I am so glad to see this thread, as TWO of my remington rifles have the same problems and both are new (less than two years) rifles.
I'm gonna contact Limbsaver. I'm tired of those sticky pads.


----------



## magnumb (Apr 27, 2010)

M16 is exactly right. Limbsaver, based in Shelton WA., put out more than a few batches of "under-cooked" recoil pads some years ago, but have since totally acepted responsibility for this mistake and have dealt with both the problem and party invovled. It was a major hit to their pocketbook, but one they undertook in a very expedient and responsible manner.

One call to Marcy a few years back and we exchanged some 5 or 6 recoil pads and since then, I've been good to go. Good people, great product and the only thing that pad now sticks to as designed, is my shoulder.

Give 'em a buzz. Since this issue came about many years back, most exchanges have already taken place, but I can only assume that the folks at Limbsaver would gladly entertain your concerns and/or issues as well.

Good luck..............


----------



## redexpress (Apr 5, 2010)

thanks folks for all the info


----------



## magnumb (Apr 27, 2010)

As has been stated, it is from a bad run of Limbsaver's put out a # of years ago. The tech didn't "cook" that batch very well, so both the pads will be replaced, just like the tech was......

I had 6 Limbsavers and replaced 2 of them due to the same issue, courtesy of Limbsaver. Mt recoil pads would pick up everything it touched (leaves, sticks, dirt, jacket material......you name it). 

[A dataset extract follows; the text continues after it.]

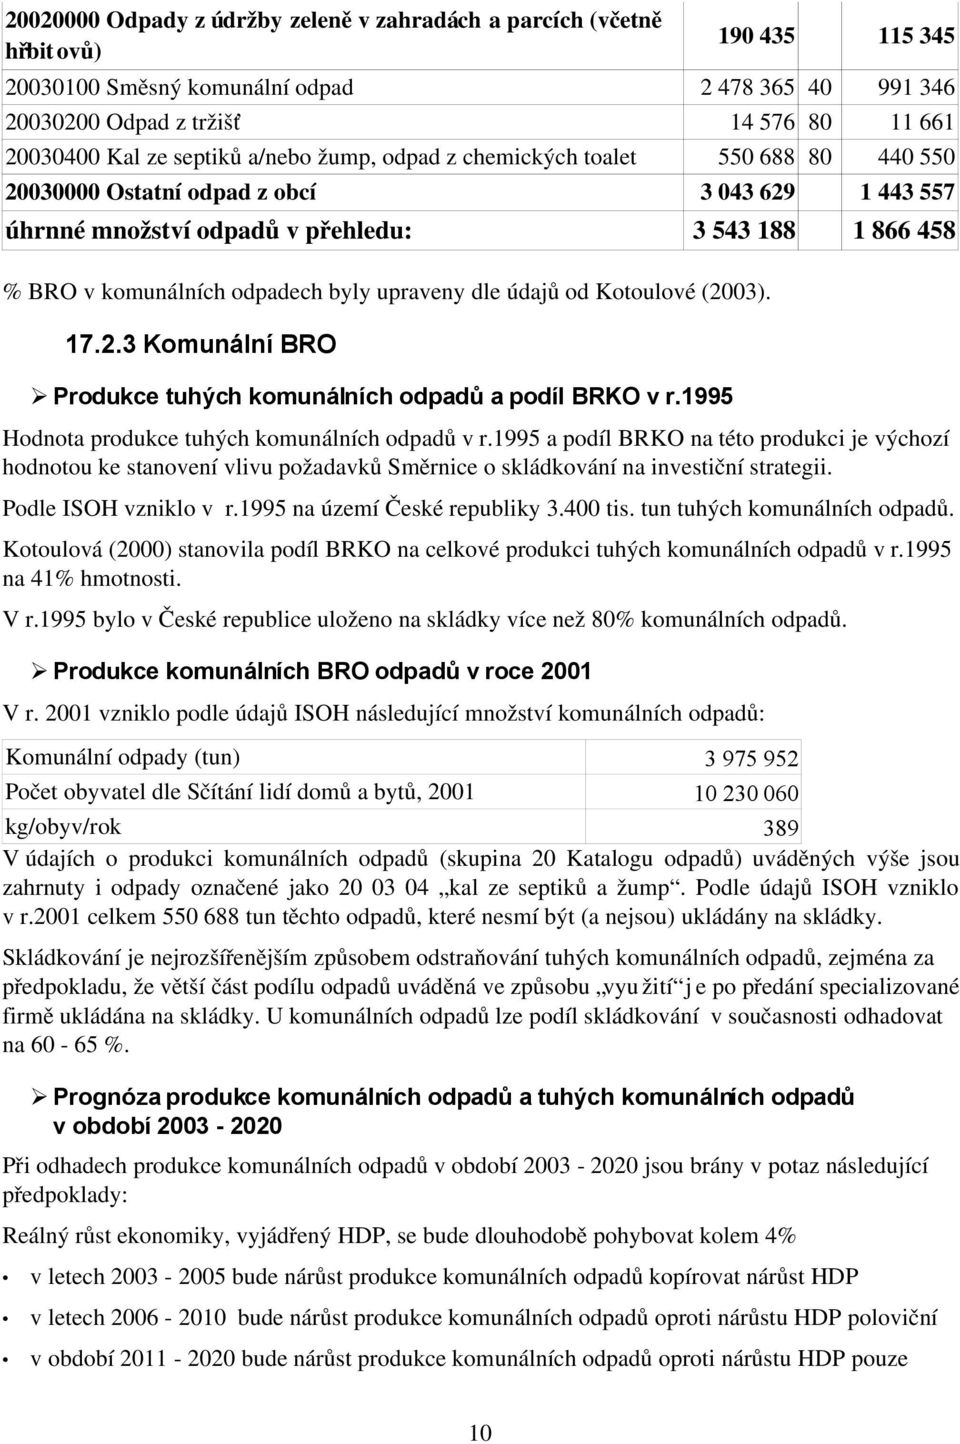 byly upraveny dle údajů od Kotoulové (2003). 17.2.3 Komunální BRO Produkce tuhých komunálních odpadů a podíl BRKO v r.1995 Hodnota produkce tuhých komunálních odpadů v r.
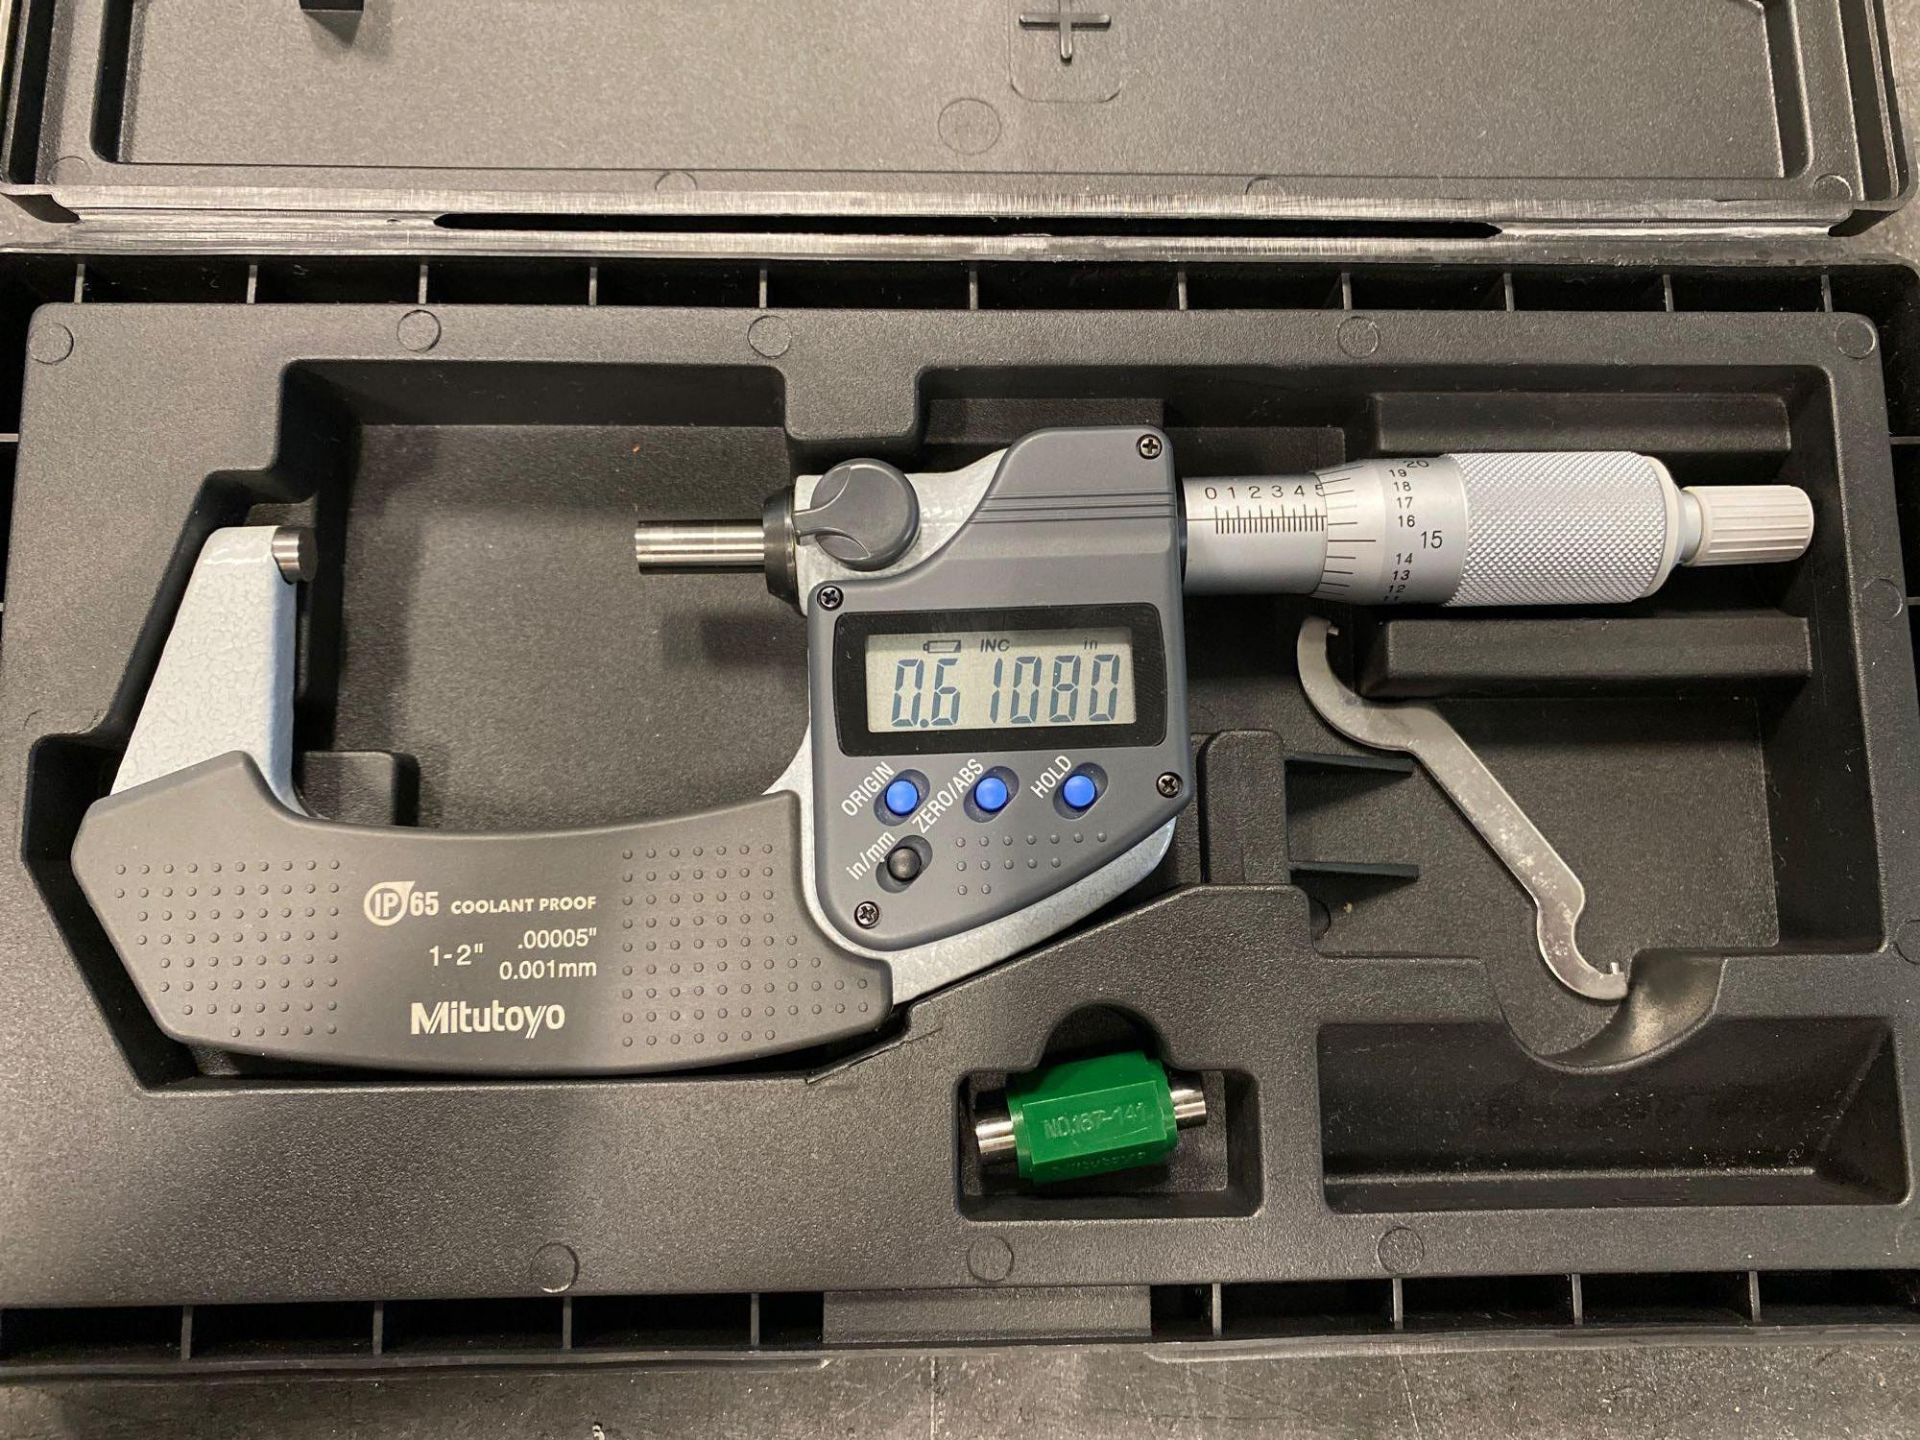 Mitutoyo 1-2” Digital Outside Micrometer

Their shop is in Shelton WA, which is where my wife is from. Great people, great product (before and after that batch)......only recoil pad I'll wear.

Give 'em a call........


----------



## redexpress (Apr 5, 2010)

I called Remington. They asked for the serial#. Said the pad is glued on and they would have to mail me a new stock. Got it on the front porch last week. Haven't swapped it out yet. Pretty good service. I'll see what the new stock does to the accuracy. Was less than 1" at 100 yds.


----------



## redexpress (Apr 5, 2010)

End of story, sorta. I pulled the original stock off the gun and tried to install the new one. When I torqued it down the bolt locked up. Tried it a couple more times and then compared the stocks side by side. Well, the new one was different than the original. The recoil lug area was very different. I got to looking at the new stock's recoil pad and saw a couple of slits where I thought the scews should be. What the heck, I got a Phillips screwdriver and found the scews. So much for Remington saying it was glued on. I removed the new pad and put it on my old stock and put it back together. Went to the range and shot 2 groups of 2 shots that were less than 1". All's well that ends well I suppose. It's just, why is dealing with big companies such a hassle? Can they do anything right?


----------



## profishman (Oct 12, 2005)

*sticky pad*

I have the same problem on a Remmington. Tried alot of different solutions without any success.
Thanks for the info. Going to Limbsaver.
Thanks.


----------



## RockportRobert (Dec 29, 2006)

My new pad is on the way from Remington. To the OP, thanks for posting this!


----------